Мастерская Рафаэлло дель Гарбо представляла собой тесную лачугу, расположенную в темном закоулке. Обветшалый фасад уже сам по себе свидетельствовал о скудных средствах хозяина. Во многих местах штукатурка осыпалась, так что дом напоминал прокаженного. На втором этаже не хватало одной ставни. Оставшаяся ставня повисла на одной петле, грозя обвалиться в любую минуту. Все в этой лачуге говорило о серой повседневности, не скрашенной честолюбивыми стремлениями и талантом. Макиавелли передернуло при виде столь наглядного свидетельства жалкого прозябания и неудовлетворенности.
Со стороны не было заметно, что в доме разыгралась трагедия. Без всяких опасений юноши направились прямо к входной двери. До нее оставалось несколько шагов, когда тонкий луч солнца сумел пробраться сквозь облака. Вдруг их внимание привлекло что-то, блеснувшее на солнце. Скрытый тенью солдат с копьем в руке охранял мастерскую.
Незаметно покачав головой, Макиавелли велел своему спутнику продолжать свой путь, не останавливаясь. Дойдя до конца переулка, они вошли в соседний проход и оказались в маленьком дворике, где лежали кучи дубленых шкур.
— Нам только не хватало, чтобы Малатеста выставил охрану у входа! — недовольно поморщился Гвиччардини.
— Он, наверное, надеется, что преступники вернутся на место преступления.
— Но мы же не можем торчать здесь и ничего не делать!
— Сзади должен быть черный вход.
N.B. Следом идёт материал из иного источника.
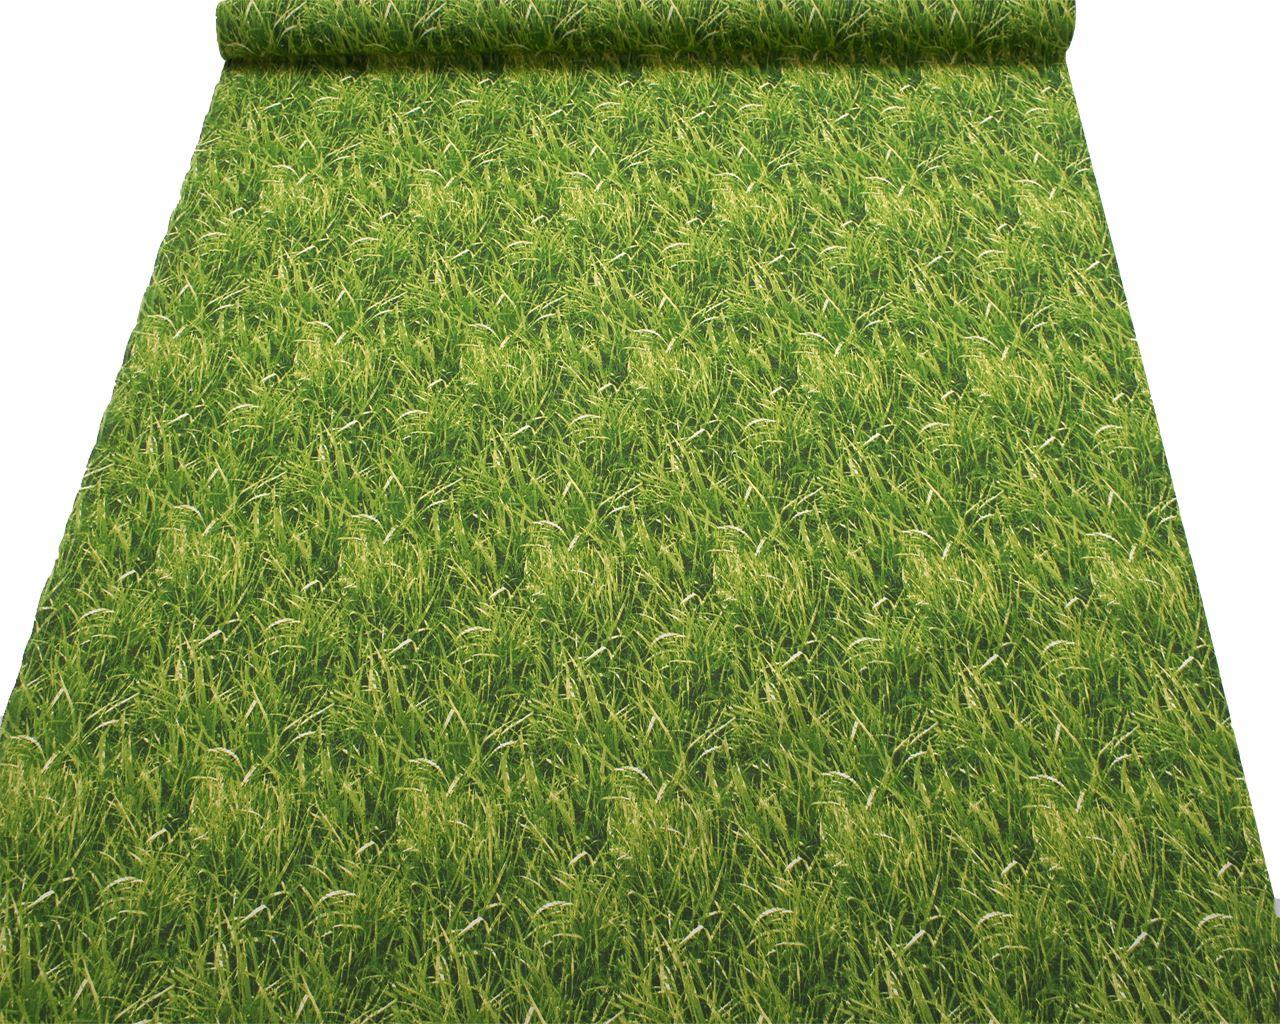 bedruckte baumwolle green grass garten basteln polster stoff ebay. Black Bedroom Furniture Sets. Home Design Ideas
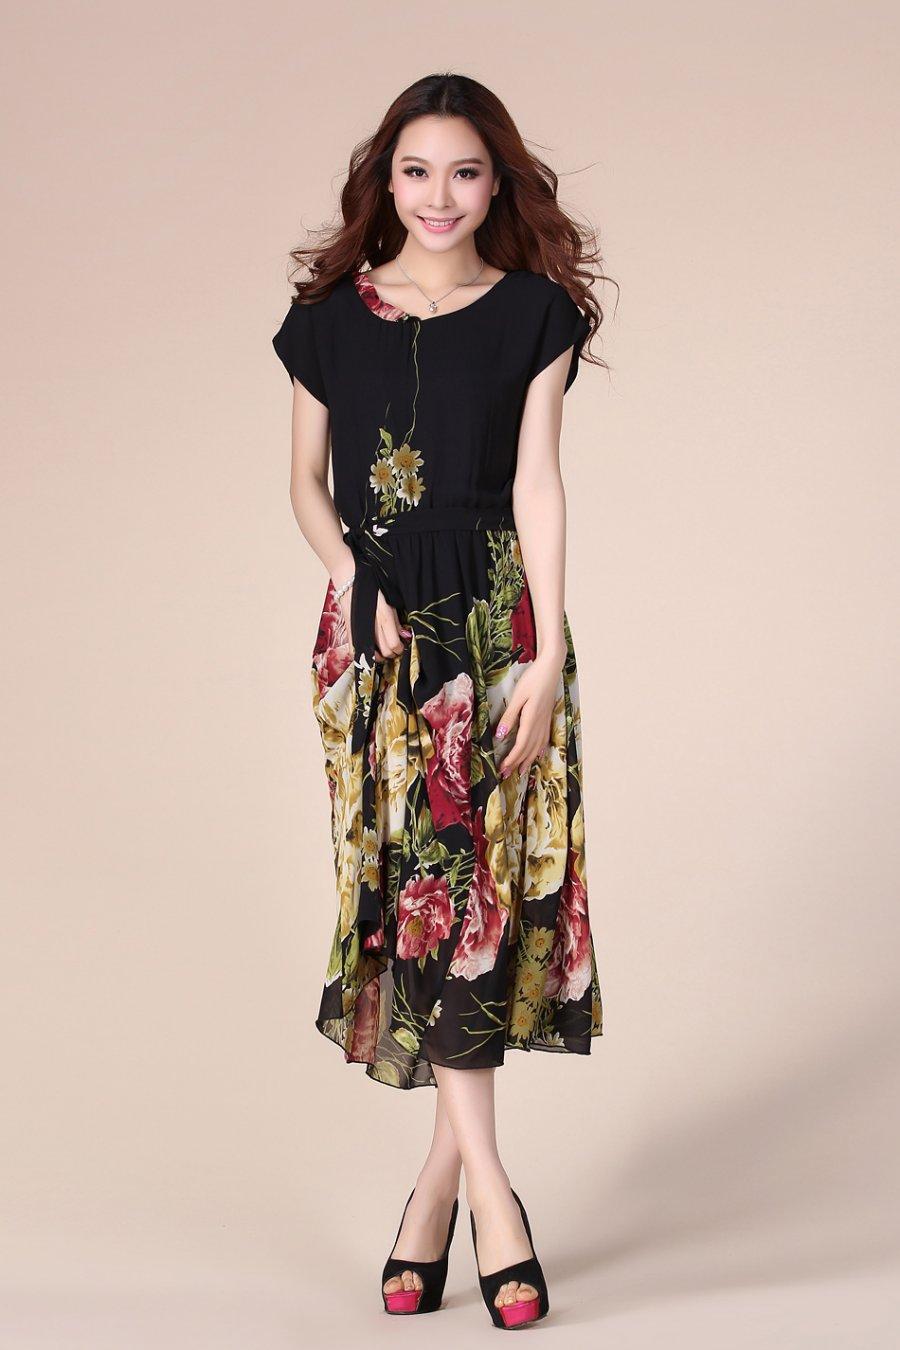 Duchess Fashion: Malaysia Online Clothes Shopping: Big

Попробуем до него добраться, переходя из двора во двор.
— Идет! — воскликнул Гвиччардини, спугнув при этом чету крыс, притаившихся под шкурами.
— Только чтобы на этот раз все было тихо, — предупредил Макиавелли, которого бесила несдержанность друга.
Через пять минут они обнаружили то, что искали. Царившее здесь запустение напоминало об обветшалом фасаде. Повсюду валялись отбросы: дель Гарбо искусно расположил здесь сгнившие овощи и испорченные фрукты. Казалось, не осталось ни пяди, свободной от этой гадости.
— Странно, но этот двор напоминает мне твой кабинет для занятий, Чиччо, хотя и не такой грязный…
— Очень смешно! Только, судя по запаху, этот двор служил кроме свалки еще и отхожим местом. А я в своей любимой комнате не испражняюсь.
— Да, пожалуй, только этого ты там и не делаешь!
— Твой сарказм не задевает меня, ибо душа моя чиста. И не забывай, что вера стала усладой моего существования!
— А твоя новоявленная набожность не мешает тебе незаконно проникать в мастерскую мертвеца?
— Нет, но она запрещает мне воровать славу, которая по праву принадлежит моим друзьям. Ты храбро сражался с врагами с дубиной в руках, и, значит, тебе по праву принадлежит честь первому ступить в эти нечистоты. Иди же, и я воспою твои подвиги во всех трактирах города!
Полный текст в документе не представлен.